# Determining when lesions in the lungs are cancerous

In the United States, lung cancer strikes 225,000 people every year, and accounts for $12 billion in health care costs. Early detection is critical to give patients the best chance at recovery and survival.

One year ago, the office of the U.S. Vice President spearheaded a bold new initiative, the Cancer Moonshot, to make a decade's worth of progress in cancer prevention, diagnosis, and treatment in just 5 years.

Using a data set of thousands of high-resolution lung scans provided by the National Cancer Institute,developing algorithms that accurately determine when lesions in the lungs are cancerous.

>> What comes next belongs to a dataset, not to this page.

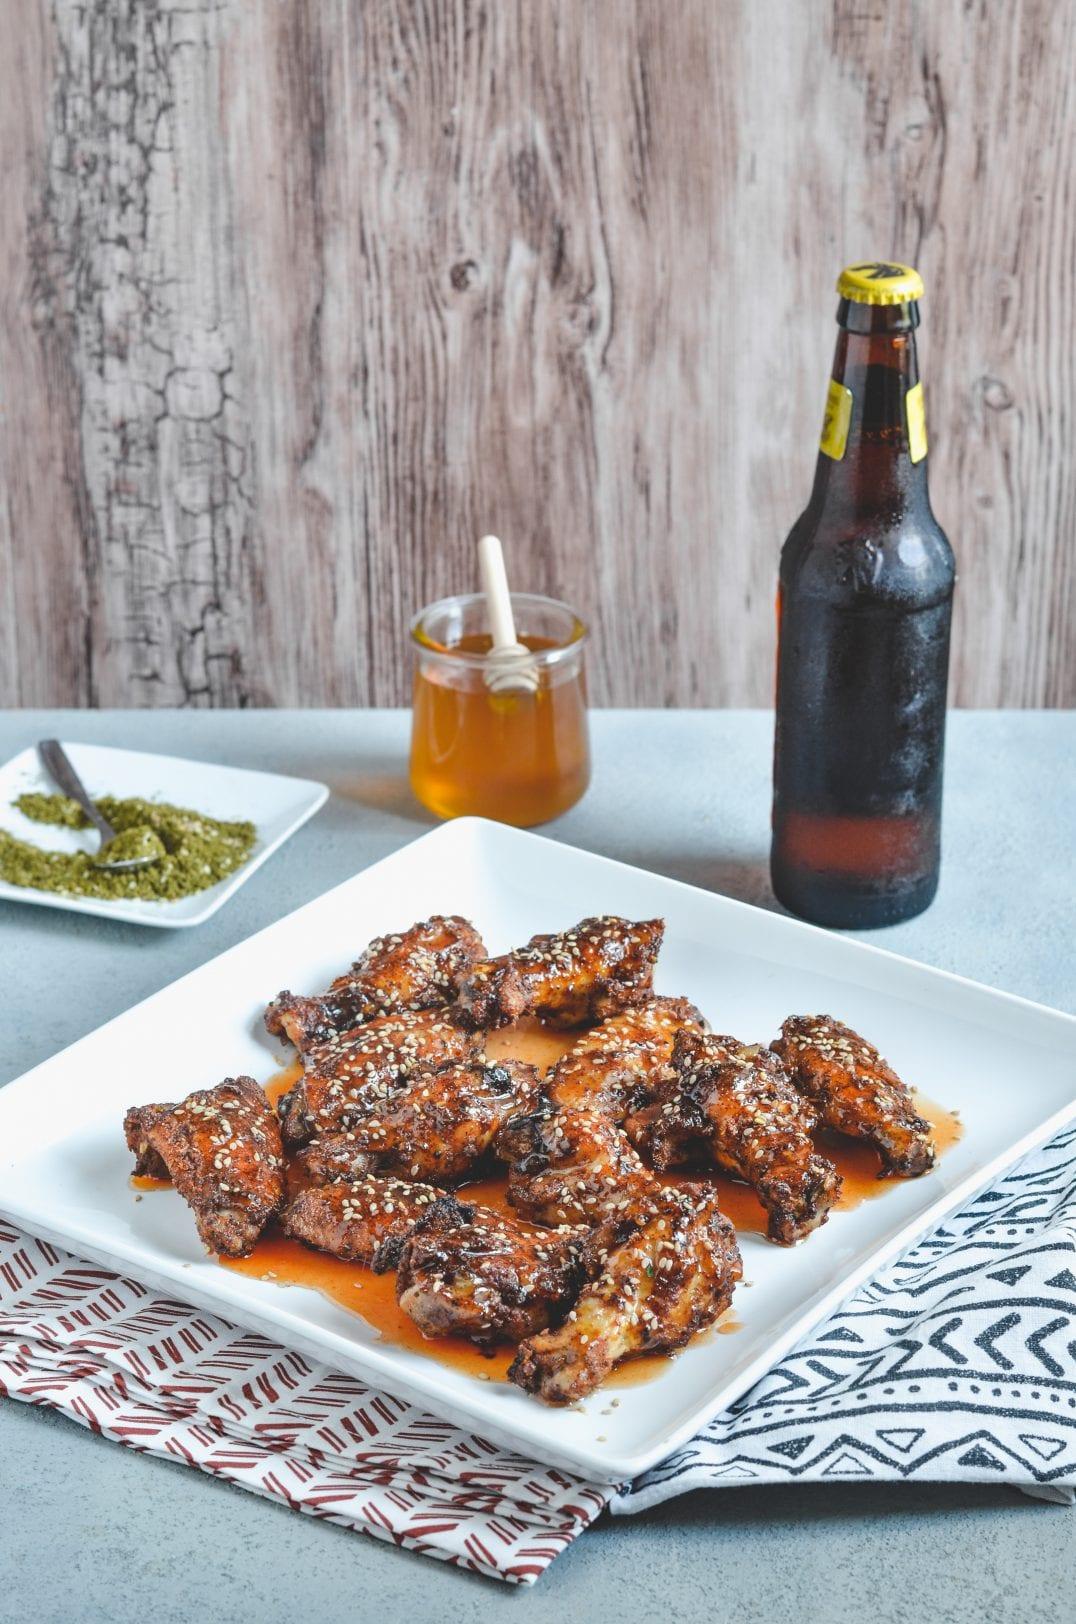 Honey Za'atar Hot Wings on a plate

This will dramatically reduce the false positive rate that plagues the current detection technology, get patients earlier access to life-saving interventions, and give radiologists more time to spend with their patients.

## Data Description

In this dataset, you are given over a thousand low-dose CT images from high-risk patients in DICOM format. Each image contains a series with multiple axial slices of the chest cavity. Each image has a variable number of 2D slices, which can vary based on the machine taking the scan and patient.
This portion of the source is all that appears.